Конечно же, категории политической географии как академической науки и геополитики отчасти пересекаются. Отнесение отдельных понятий к сфере той или иной дисциплины определяется в конкретный момент дискурсивной прагматикой. Так, ряд понятий, введенных Плешаковым [Плешаков 1994]: «эндемическое поле государства», «пограничное поле», «тотальное (непрерывное) поле», «метаполе (поле, осваиваемое одновременно несколькими государствами)», «геополитическая опорная точка», – могут быть использованы политической географией как категории, характеризующие некоторую наблюдаемую реальность.
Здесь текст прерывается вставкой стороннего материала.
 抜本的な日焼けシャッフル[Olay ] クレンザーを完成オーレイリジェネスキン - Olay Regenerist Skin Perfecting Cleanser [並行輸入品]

В рамках этой науки термин «геополитическая опорная точка» отражает лишь общую возможность использования участка земли для осуществления некой региональной политики. Но все эти термины оказываются инструментами геополитики тогда, когда выступают средствами разработки и формулировки политического замысла.
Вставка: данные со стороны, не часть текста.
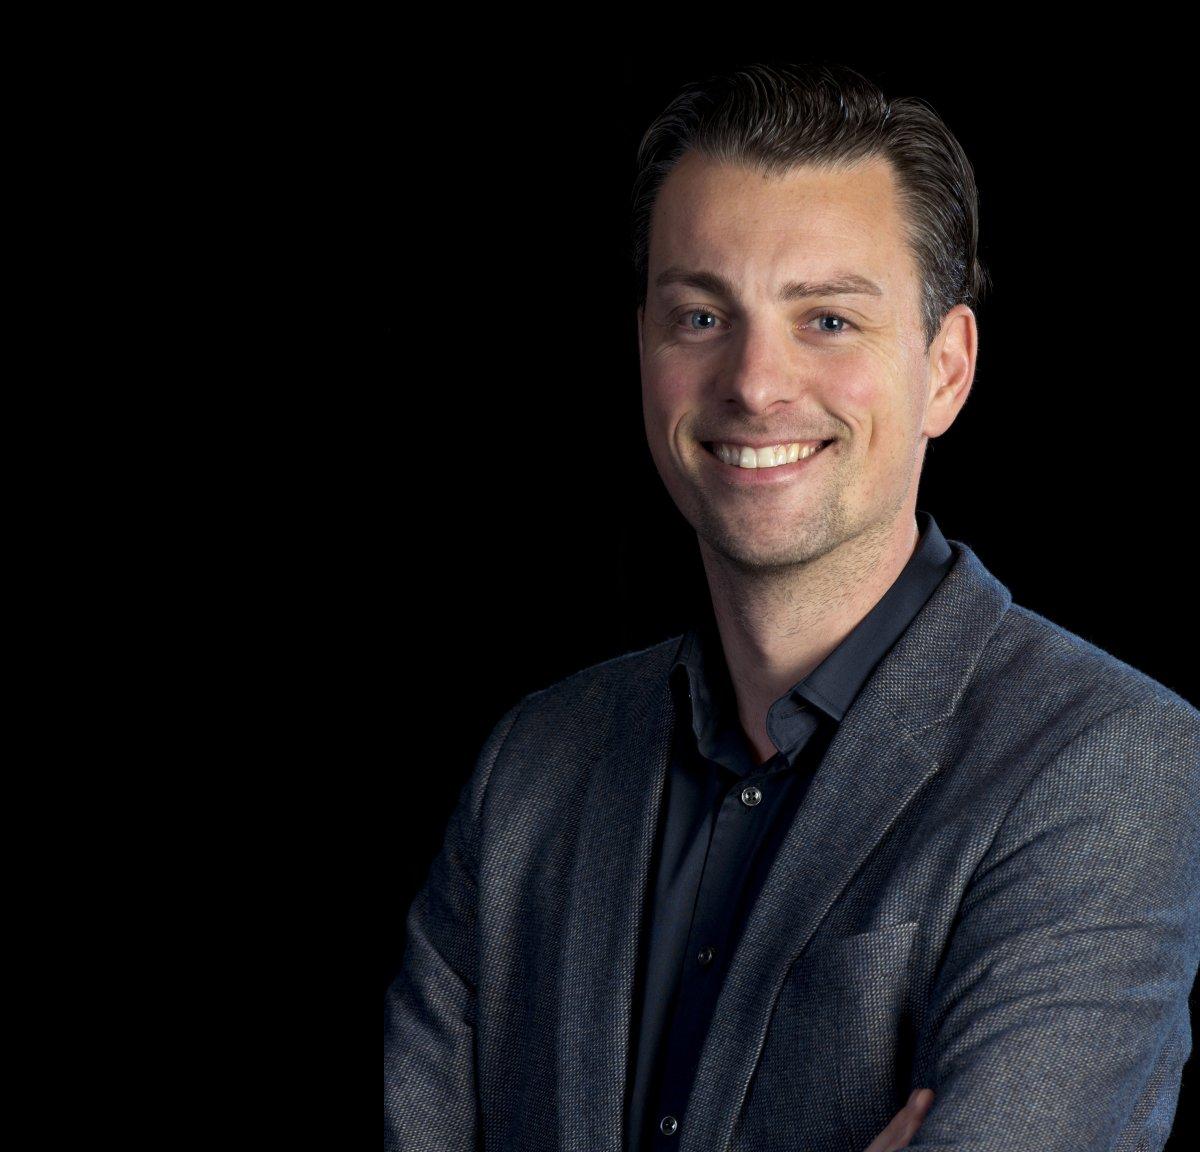 Arend Hardorff gaat van NHTV naar de Hotelschool in Den Haag. Daar wordt hij lid van het College van Bestuur.

Мода на геополитику в России оборачивается, помимо прочего, и тем, что некоторые авторы заявляют о себе как о геополитиках, на самом деле работая – иногда блестяще – где-то на стыке политической и исторической географии. Но в отличие от претензии на «геополитику без географии» вообще такие неточности самоидентификации не столь опасны, поскольку не слишком искажают в глазах общественности образ дисциплины.
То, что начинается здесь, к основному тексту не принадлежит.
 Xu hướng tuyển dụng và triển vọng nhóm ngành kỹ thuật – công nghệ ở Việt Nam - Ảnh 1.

Геополитика в контексте XX столетия
И недруги классической геополитики, особенно в странах социализма [Гейден 1960, Семенов 1952, Каренин 1971], и более объективные ее историки [Parker 1985, Fifild, Pearcy 1944, 6] часто усматривали ее корни в империализме конца XIX – начала XX в. При этом всегда вспоминалась немецкая идея «жизненного пространства» и охотно цитировались слова Маккиндера о «закрытии мира», наступившем в результате его империалистического исчерпания и раздела: «В Европе, Северной и Южной Америке, Африке и Австралазии едва ли найдется место, где можно застолбить участок земли… Отныне в постколумбову эпоху нам придется иметь дело с замкнутой политической системой, и вполне возможно, что это будет система глобального масштаба» [Маккиндер 1995, 163]. Столь авторитетный геополитик, как Грабовский, в своей последней книге 1960 г. «Пространство, государство и история» прямо расписался во влиянии, оказанном на него как профессионала теорией империализма, и посвятил ей большой раздел [Grabowsky 1960, 10, 93–142]. Но как же на деле соотносится географический конструктивизм этой парадигмы с колониалистскими реалиями времен С. Родса и Вильгельма II?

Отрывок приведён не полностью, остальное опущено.